Выбрать главу

Иной была принципиальная точка зрения Мейерхольда и тех петербургских театралов, которые группировались вокруг него. Взгляд Мейерхольда на эту постановку в Художественном театре был впоследствии сформулирован в виде полемического ответа Бенуа:

В романе Достоевского, — писал Мейерхольд, — черты очищения и назидательности налицо [т. е. черты средневековой и древнегреческой мистерии], но они вложены в гениальное построение тезы и антитезы, бога и дьявола, Зосимы и Карамазовщины; символ божества и символ дьявола составляют две неразрывных основы романа. На сцене центр тяжести в развитии интриги перенесен на Митю При переделке романа в пьесу исчезла основная триада Достоевского: Зосима, Алеша и Иван в их взаимоотношениях. В таком виде «Братья Карамазовы» являются просто-напросто инсценированной фабулой романа, вернее некоторых глав романа. Такая переделка романа в пьесу кажется нам разве только кощунством, и не только по отношении к Достоевскому, но, если из этого представления устроители хотели сделать мистерию, еще и по отношении к идее подлинной мистерии.

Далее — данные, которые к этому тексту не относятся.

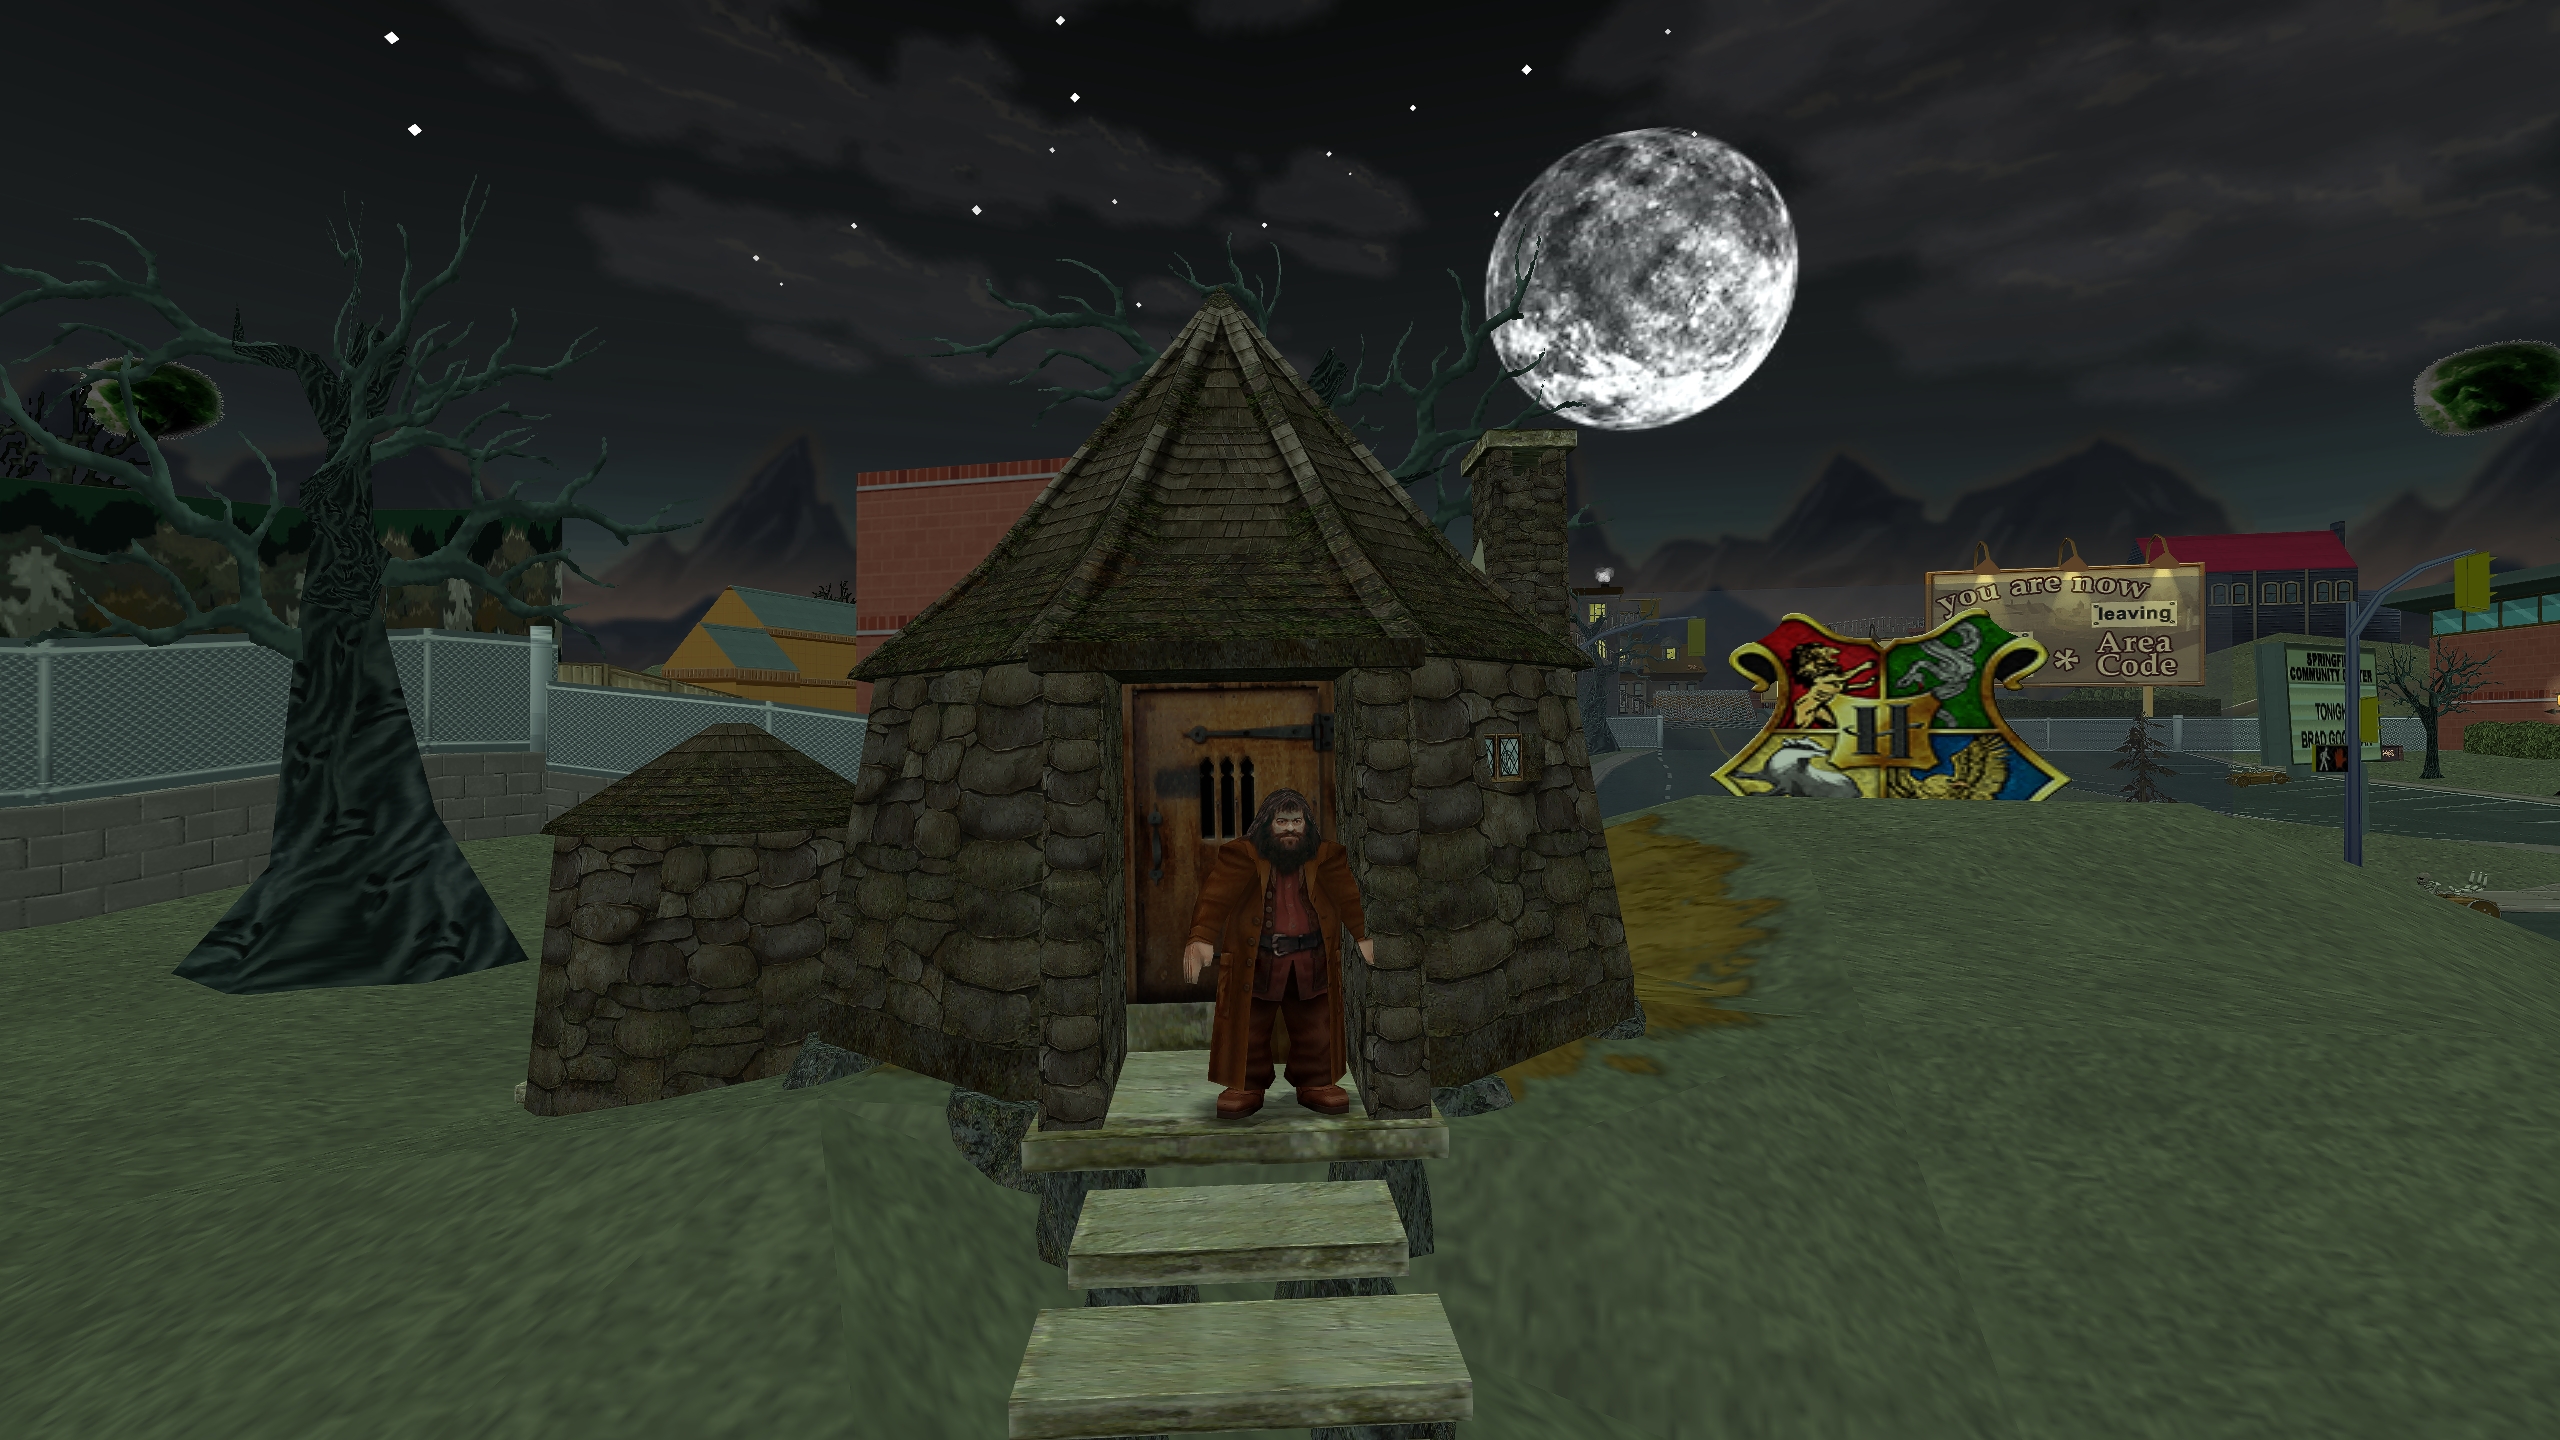 Hagrid and his hut

Не только форму инсценировки, но и самую мысль инсценировать «Карамазовых» отрицал в «Аполлоне» Зноско-Боровский. Он считал, что «роман несомненно исковеркан внешне и внутренне. Из него вынули душу и не заменили ее новой. Всю сущность его свели к какой-то внешней связи».

Самый факт столь горячих споров о «Карамазовых» свидетельствовал о важности сделанного Художественным театром шага. Под лозунгом борьбы против штампованных приемов игры за простое, глубокое и правдивое искусство, В. И. Немирович-Данченко утверждал своей постановкой Ф. М. Достоевского тезу театра психологической трагедии против антитезы театра преувеличенных страстей и подчеркнутого гротеска. Обходясь в «Карамазовых» без декораций, характеризуя обстановку только скупыми штрихами на фоне бледно-зеленых сукон, В. И. Немирович-Данченко хотел показать свое равнодушие к проблемам зрелищной композиции. В. М. Волькенштейн в своей книге о К. С. Станиславском рассказывает, как осуждал В. И. Немирович-Данченко постановку комедий Гольдони и Мольера, озабоченный тем, как бы передать на сцене «мысль». Но в одном театр оказался бесспорен: в оценке сил своих актеров. Н. Е. Эфрос называл «Братьев Карамазовых» самым актерским спектаклем Художественного театра. Леонидов (Митя), Качалов (Иван), Москвин (Снегирев), Воронов (Смердяков) и ряд других исполнителей вынесли на своих плечах все трудности инсценировки и, явившись победителями, заслонили силой своей игры обще-принципиальное значение спектакля.

«Дон-Жуан» и «Братья Карамазовы» были наиболее яркими моментами в первой половине сезона 1910 – 1911. Это были как бы живые олицетворения самой диалектики русской театральной мысли. Естественно, что все остальное отходило на задний план и перед спектаклем мольеровским и перед спектаклем Достоевского. Но все же были театральные работы, заслуживающие внимания.

В том же октябре, когда Мейерхольд показал «Шарф Коломбины», а Немирович «Братьев Карамазовых», в петербургском балете 24‑го октября состоялась премьера фокинских постановок «Египетские ночи», «Шопениана» и «Эвника». Это была демонстрация трех различных стилизаций танцев. Наибольший успех сопровождал строго-классическую «Шопениану», где балетмейстеру удалось сочетать классические танцы с романтической трактовкой самой сценической картины. Сезон 1910 – 1911 был вообще сезоном крайнего увлечения балетом. Балетные спектакли посещались усиленнее других, а парижские триумфы русского балета и работы Фокина заставляли говорить о ренессансе этой отрасли театра. Даже Мейерхольд и тот, как мы видели выше, был причисляем не к режиссерам, а к балетмейстерам.

В русской же драматургии, наоборот, царили настоящие сумерки. В разных театрах шли с успехом и без успеха такие пьесы, как «Смешная история» Трахтенберга, «Распутица» Рышкова, «Светлая личность» Карпова, «Поле брани» Колышко, «Жулик» Потапенко, «Земля» Ковальских, «Пастор Релинг» Свентицкого. Исключительный провал сопровождал у Незлобина премьеру пьесы П. Ярцева «Милое чудо». На пьесе современного русского автора остановился и Художественный театр для второй своей постановки. Это была пьеса Юшкевича «Мизерере», где главными исполнителями явились молодые силы театра и где наибольший успех выпал на долю музыки И. Саца. Из переводных пьес полные сборы в Незлобинском театре делал «Орленок» Ростана.